Outside the window, the girders of a bridge reflected the clattering wheels of the train: they were crossing the Dnieper River. The man was distracted for a moment, watching a powerboat skim the water's surface down the river's current, and looking at the green slope of the right bank. The bridge ended and little houses, gardens, and hedges flashed by the window.
“It all boils down to the problem of how and with what information can man be perfected. All the other problems rest on this one. The system is a given: the human brain and the mechanisms for introducing information — the eyes, ears, nose, etc. Three streams of information feed the brain: daily life, science, and art.

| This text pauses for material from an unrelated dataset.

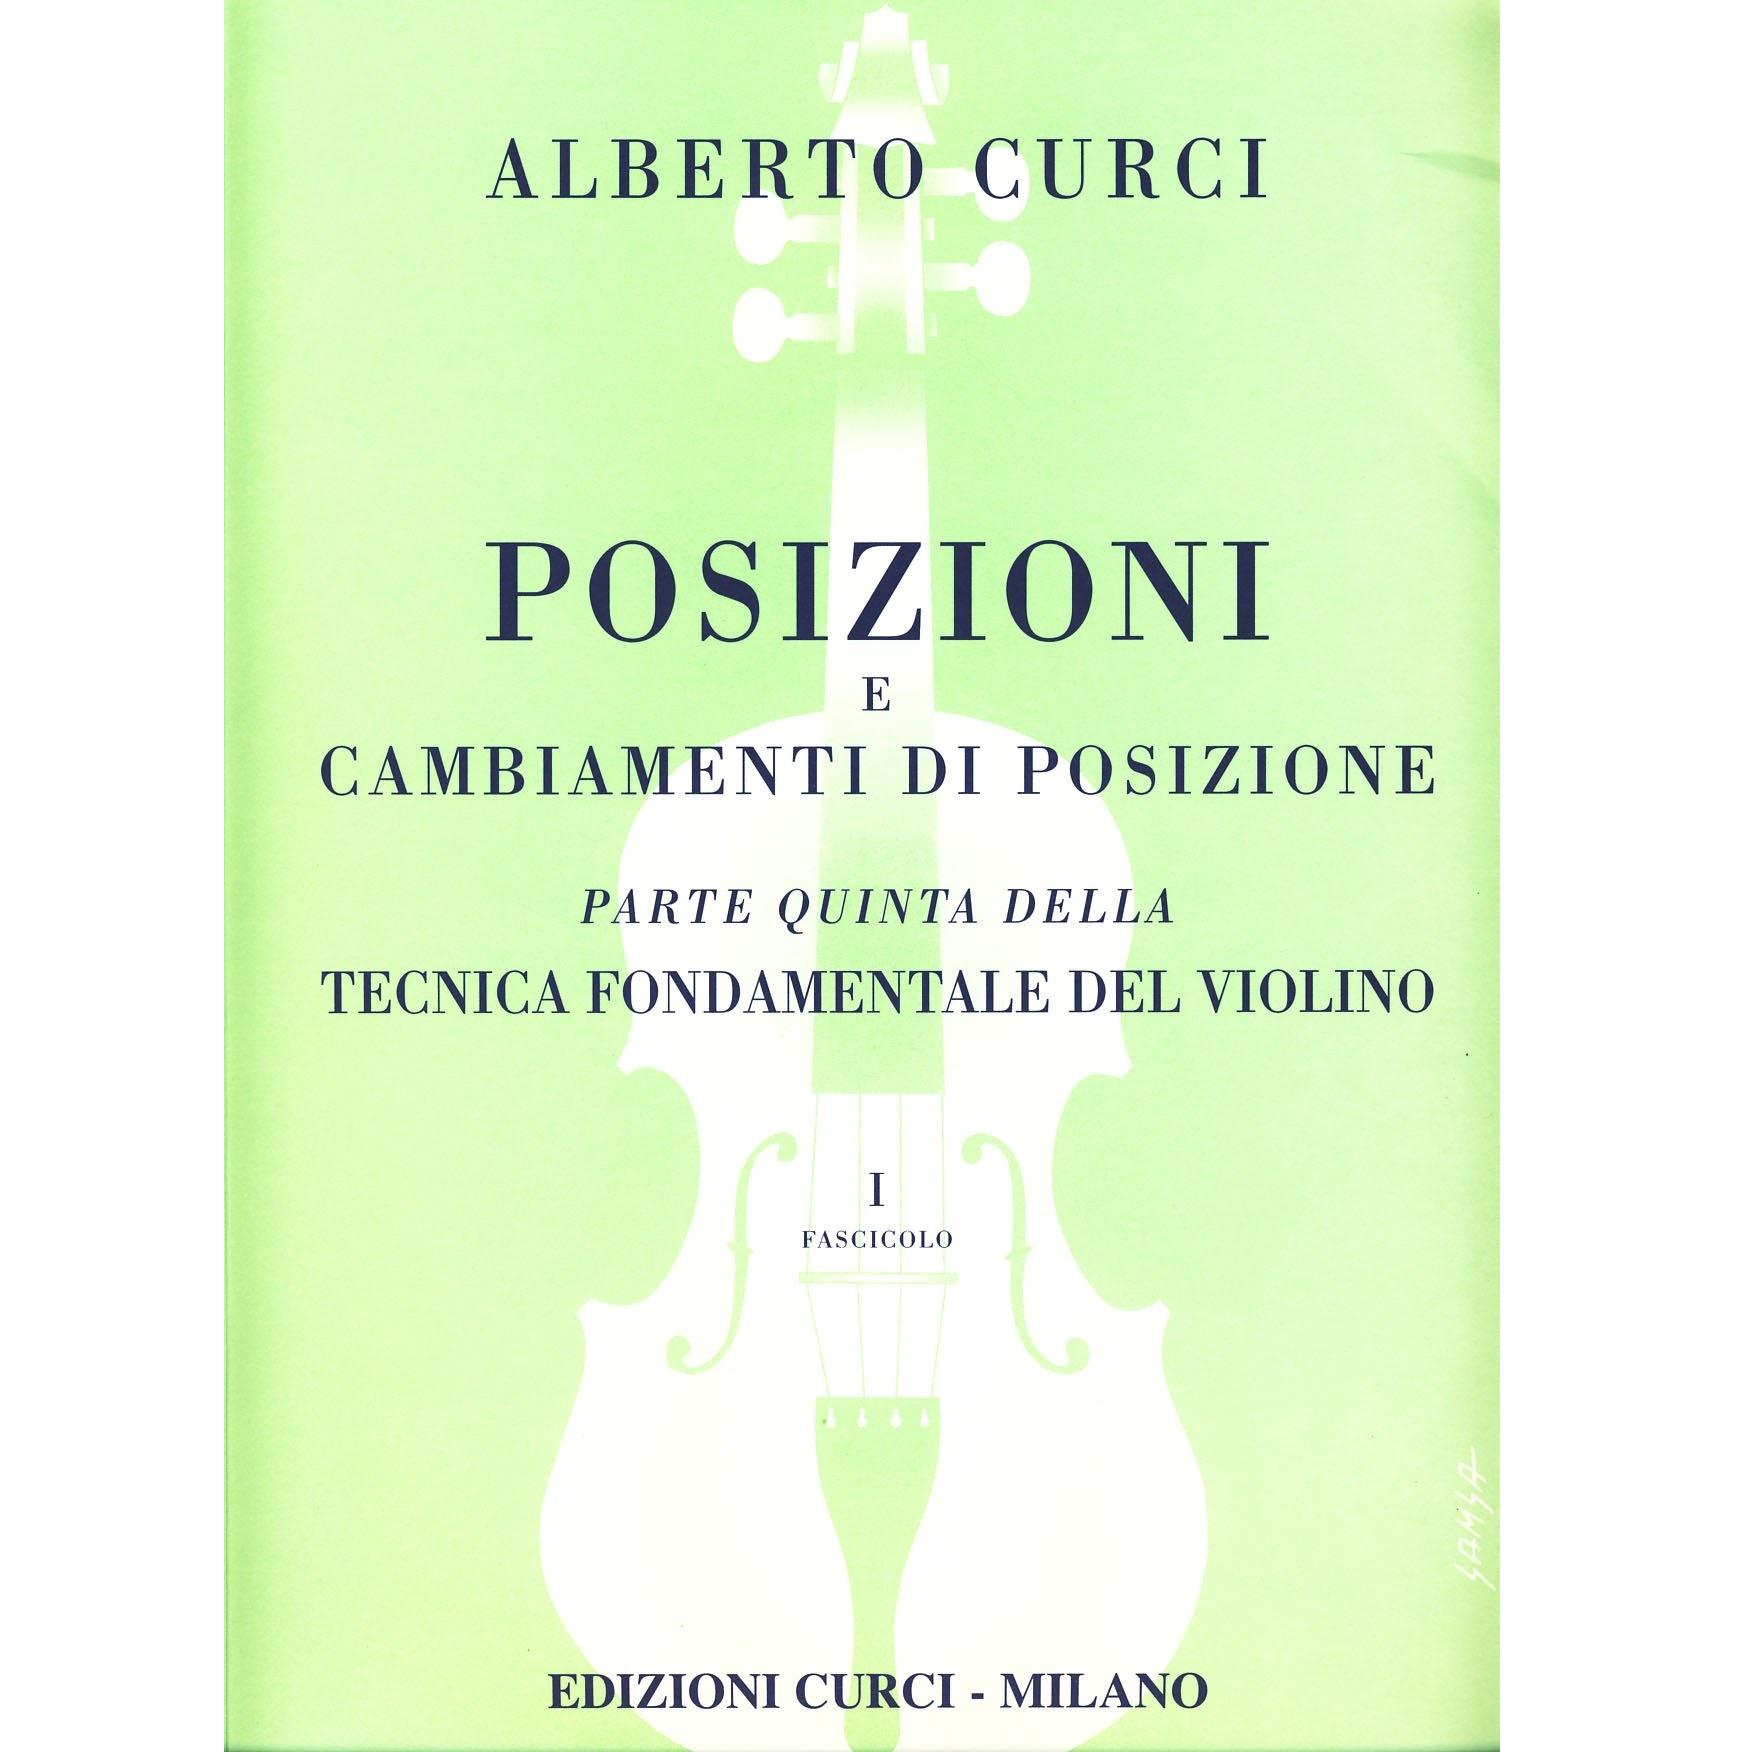 Curci Posizioni e cambiamenti di posizione Parte quinta della Tecnica Fondamentale del violino Fascicolo I - Edizioni Curci Milano

We must distinguish the most effective one in its action on man — and the most directed one. So that it would perfect him, ennoble him. The most effective is naturally the daily information: it is concrete and real, forming man's life experience. It's life itself; nothing else to it. I suppose that in reality it has a mutual relationship with man according to the laws of feedback: life affects man, but by his actions he affects life. But the action of daily life can be most varied: it can change man for the better or the worse. So, that can't be it.
“Let's look at scientific information. It is also real, and objective — but it's abstract. In essence, it's the universalized experience of the activity of humanity. That's why it's applicable in many life situations, and that's also why its effect on life is so great. And a reverse connection exists here with life, too, even though it is not an individual one for each and every person, but a general one: science solves life's problems, thus changing life — and a changed life sets new problems for science. But still, the action of science on life in general and on man in particular can be either positive or negative. There are many examples to support this. And there is another problem: science is hard for the average man to comprehend. Yes, it's hard. All right, if you think about the same thing all the time, sooner or later, you'll come up with the answer. The important thing is to think systematically.”